Question

It is known that if a forcing notion is proper, then every P-filter will generate a P-filter in the generic extension (see, e.g., Shelah, Proper and Improper Forcing, VI.5)

On the other hand, if we start collapsing cardinals, we can destroy the P-filter property. For example, making a base of a P-point countable will add a sequence of elements from the filter (namely, a complete enumeration of that base) that serves as a counterexample for the P-filter property in the extension.

So my question is:

Are there examples of "nicer" (e.g., not collapsing cardinals) forcing notions that destroy P-filters in this way, i.e., add a sequence in the filter that the filter cannot decide?

More spectacularly, is there maybe a forcing notion that could preserve a P-point as an ultrafilter while destroying the P-filter property?

EDIT: As Martin Goldstern pointed out, I should add that I'm interested in filters on $\omega$.

Answer 1

(A very partial answer.) Assuming CH, the answer seems to be "no" (for filters on countable sets).

CH implies that every P-filter on $\omega$ is generated by a tower (i.e., an almost decreasing sequence) of length $\omega_1$. In any $\omega_1$-preserving forcing extension any countable sequence of filter sets can be refined to a countable sequence of sets from the tower, so there is a lower bound in the tower.

Answer 2

A second partial (and not very deep, sorry) answer: Assume that at least one of the following holds:

1. zero sharp does not exist, i.e., Jensen's covering lemma holds.

2. The continuum is below $\aleph_\omega$ (or at least: your filter is generated by less than $\aleph_\omega$ many sets).

Then the answer is again "no" (if the forcing is not allowed to collapse cardinals).

Proof: Every new countable subset of the filter base is contained in an old countable subset of the filter base. (This is well known, but for the sake of completeness I give a sketch of the proof.

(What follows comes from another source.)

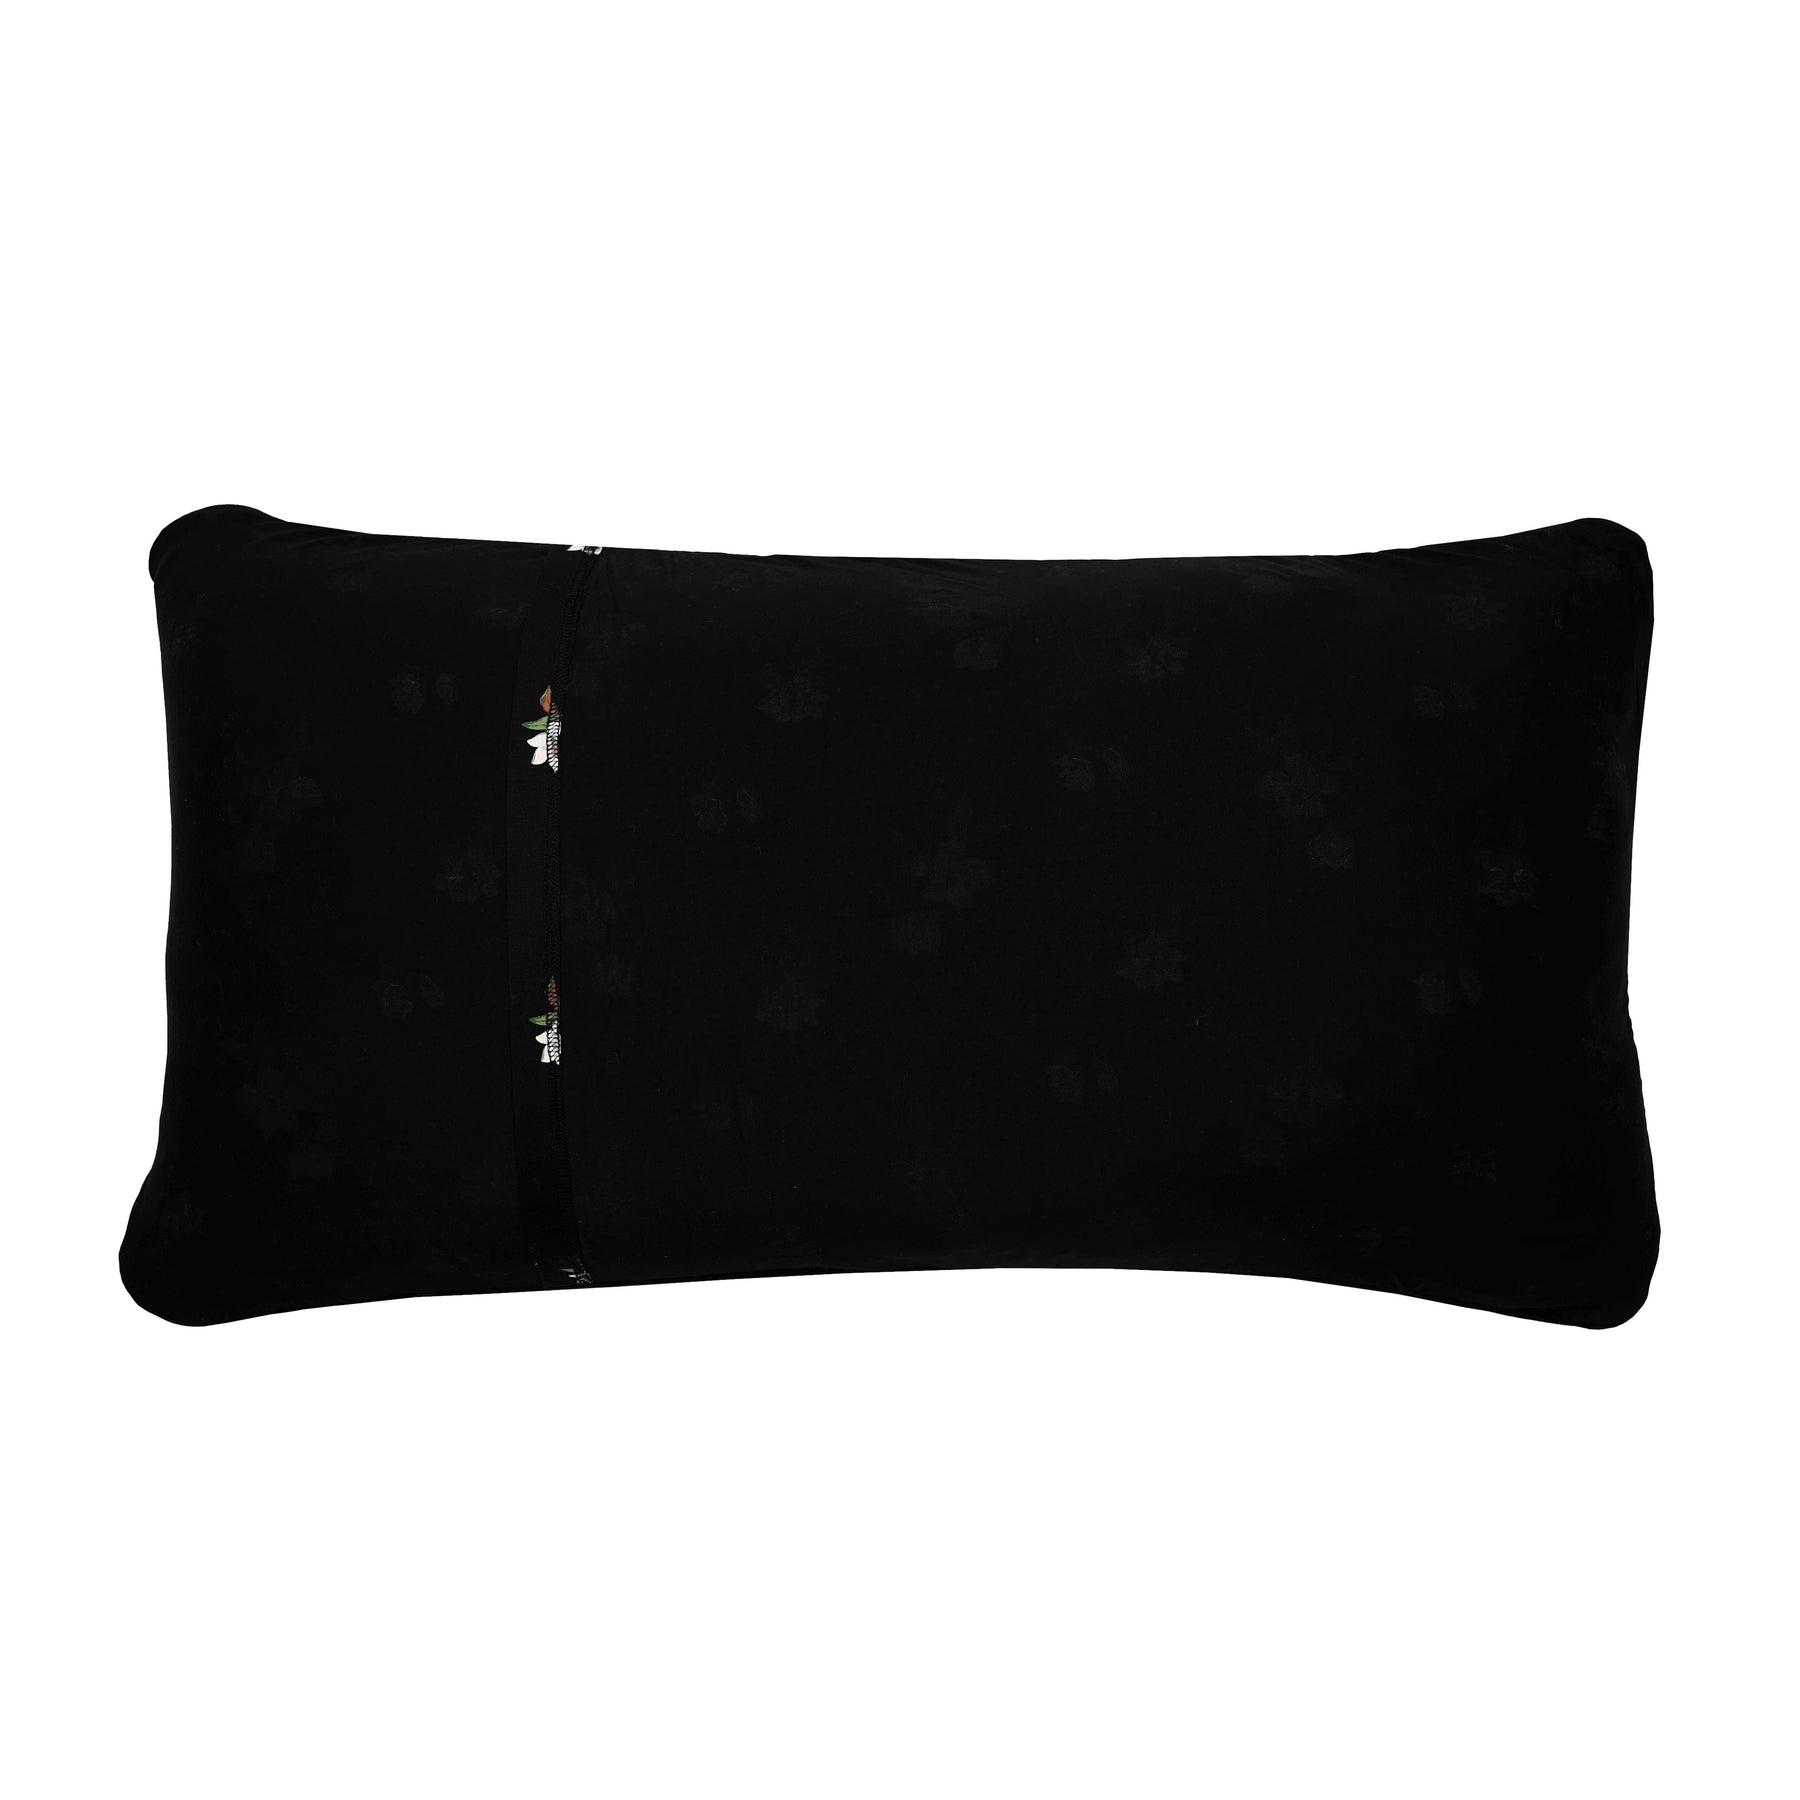 Kyte Baby King Pillow Case Big Midnight Magnolia / King King Pillowcase in Big Midnight Magnolia

Fix a bijection between the filter base and some ordinal $\alpha$. Every new countable set $A \subseteq \alpha$ is contained in an old set $B$ of size $\aleph_n$, for some $n$. [Under assumption 1, the covering lemma gives $n\le 1$; assumption 2 just says outright that there is some $n$.] Now fix $A$ and choose $n$ as small as possible. Using a bijection from $B$ to $\aleph_n$ in $V$, we may wlog assume that the original set $A$ was a subset of $\omega_n$. If $n>0$, then the countable set $A$ is bounded in $\omega_n$, so we can cover $A$ by an ordinal of cardinality $\aleph_{n-1}$, contradiction.)